This past weekend, I set my alarm for Too Early on A Saturday O’clock, showered, dressed up and then grumpily drove for two hours into the heart of Minnesota farm land. I had a funeral to attend. The father of a friend of mine had passed peacefully at 92 years old and, well, I guess we needed to bear witness. It was not my first choice of weekend activities, to be honest. But it need to be done.
So we gathered in the church, heard and said all the right things. Then we ate the ritual ham sandwiches on white buns and drank the instant lemonade. We made the required small talk. We toasted Leonard’s memory with the traditional weak, lukewarm coffee. Such are the Middle American Christian funeral rites.
I can get cynical about big emotional events. Too much emotion for me to cope with in public maybe. So I have two choices. I can get sarcastic and engage in inappropriate humor (not generally acceptable in anyone over 10, but especially middle-aged ladies) or I can step back and get analytical (usually entertaining only to me, so I merely think these things, which makes me look contemplative and wise).
The truth is, I had snuck in to the funeral late. My friend Karla, Leonard’s daughter, didn’t know I was there until she stood up to speak. I saw her look out into the pews and see me sitting next to two more friends who had snuck in late. I saw the look on her face. And in that moment I knew I was right where I needed to be that Saturday morning. I also knew I would not be returning home after the Holy Ham Sandwiches of Grief, but would drive another hour away for the internment. It was what I needed to do. Just like my compatriots in tardiness needed to give a ride home to Leonard’s former roommate.
Let me tell you about this group of friends. I didn’t grow up with them. I didn’t even go to school with them. We met through the convoluted geometry of human relationships that leads to terms like “ex-stepmom” and “fake daddy.” Our friendships have grown in a fog of late nights and alcohol and loud stories and ridiculous games. In all honesty, there is not any logical reason for us to be as close as we seem to have become. But now we help each other move, but each other up when we are in town, read to each other’s children, follow each other’s careers, attend funerals and give rides to elderly gentlemen.
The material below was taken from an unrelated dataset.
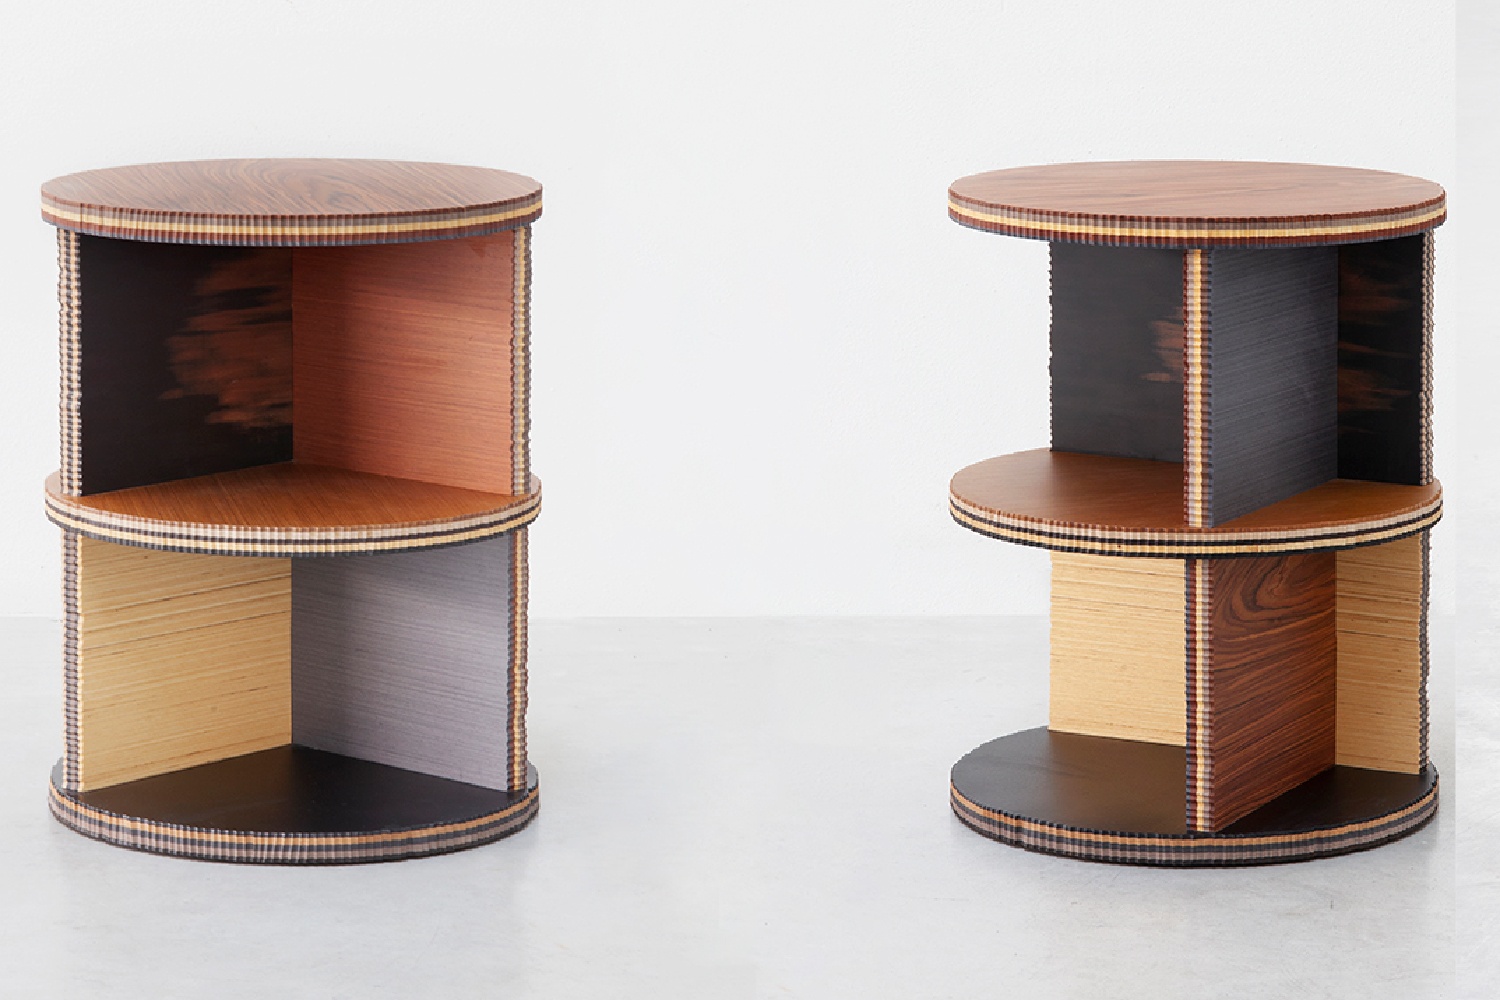 Il legno di recupero ALPI nella nuova collezione di tavoli “George”,  progettati da Marco Campardo per la SEEDS London Gallery
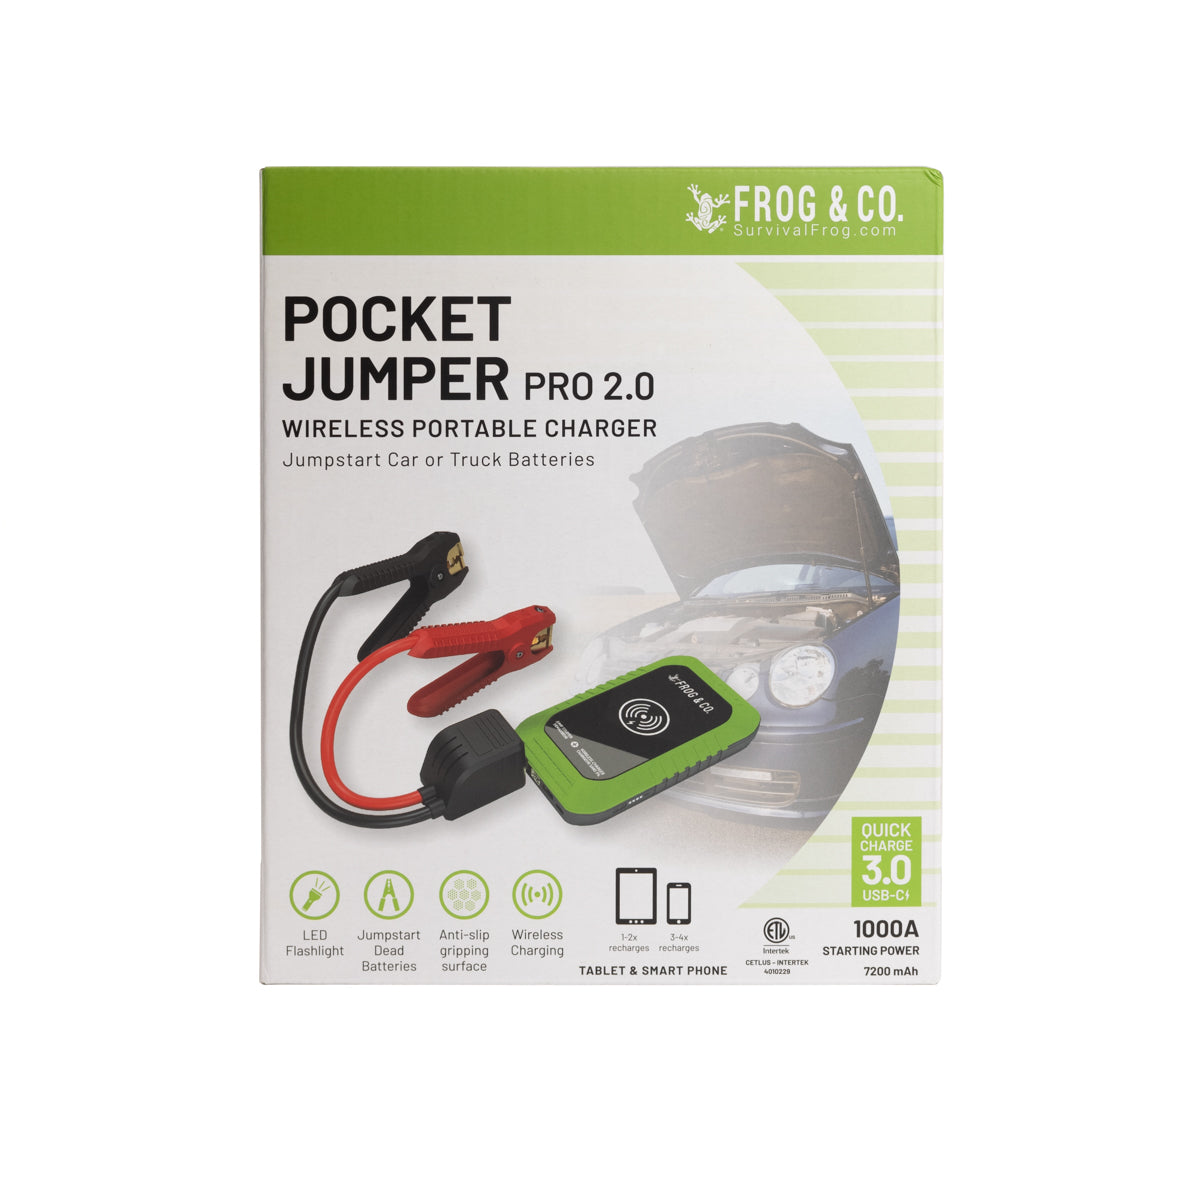 Pocket Jumper Pro 2.0

It’s what we do. Somehow, we have become a community.
I also am cynical about communities. In part I feel the word is being tossed around lately so much it is losing meaning. In part because I’ve dealt with and lived in communities that became toxic. In part because it feels like so many people – especially in the church setting – see community as the solution to everything. In part because it often boils “I like hanging out with my friends.” In part because even the word feels suffocating to me.
Just recently I have been thinking about my attitude about communities and what part of that I need to own. In the enneagram, we talk about subtypes, sort of the way you express your type. There are three subtypes: social, sexual and self-preservation. It’s similar to the introvert/extrovert scale, but more nuanced. Social folks do well as part of a group, especially knowing where they fit in a group. Sexual folks thrive on one-to-one interaction, usually with a specific someone.
Guess who is deeply in the self-preservation subtype. If you guessed the woman who feels suffocated by communities, you’d be right. Self-preservation people are all about their personal comfort and alone time and frankly we can sometimes forget that we are a member of anything at all.
But the enneagram is not just about self-discovery, it’s about achieving balance; we all need quality time in groups and with individuals and alone to be well-rounded and healthy. I vowed during my New Year review to seek out more group activities. Guess how many non-work related group social activities I have taken part in so far in 2015 (that’s ten months, case you are counting). Three. Remove the weddings and funerals and you get none.
But Saturday, walking around a small country cemetery, holding hands with a friend’s mother, just being present for the people who needed me – for my people who needed me now and who I had needed in the past and would in the future – I was overwhelmed with gratitude for the people to whom I belonged. The Midwestern farm people who decorated their grave markers with sheaves of wheat. The round-faced women who made weak coffee and served cake in times to crisis. The friends who were growing up and growing old with me. For the generations of men and women who had done what needed to be done, just because it was there for the doing and the needing – those people who taught me by their example: this is what we do.
And then, later, after the cousins had left for Ohio and the pastor said his good byes and the grounds keepers got to work, the last four of us drove into town for dinner. And in that truck stop we laughed, told stories, made plans and fought over the check, a little island of love that didn’t need labels or rely on proscribed relationships.
Maybe that’s the kind of community I can do.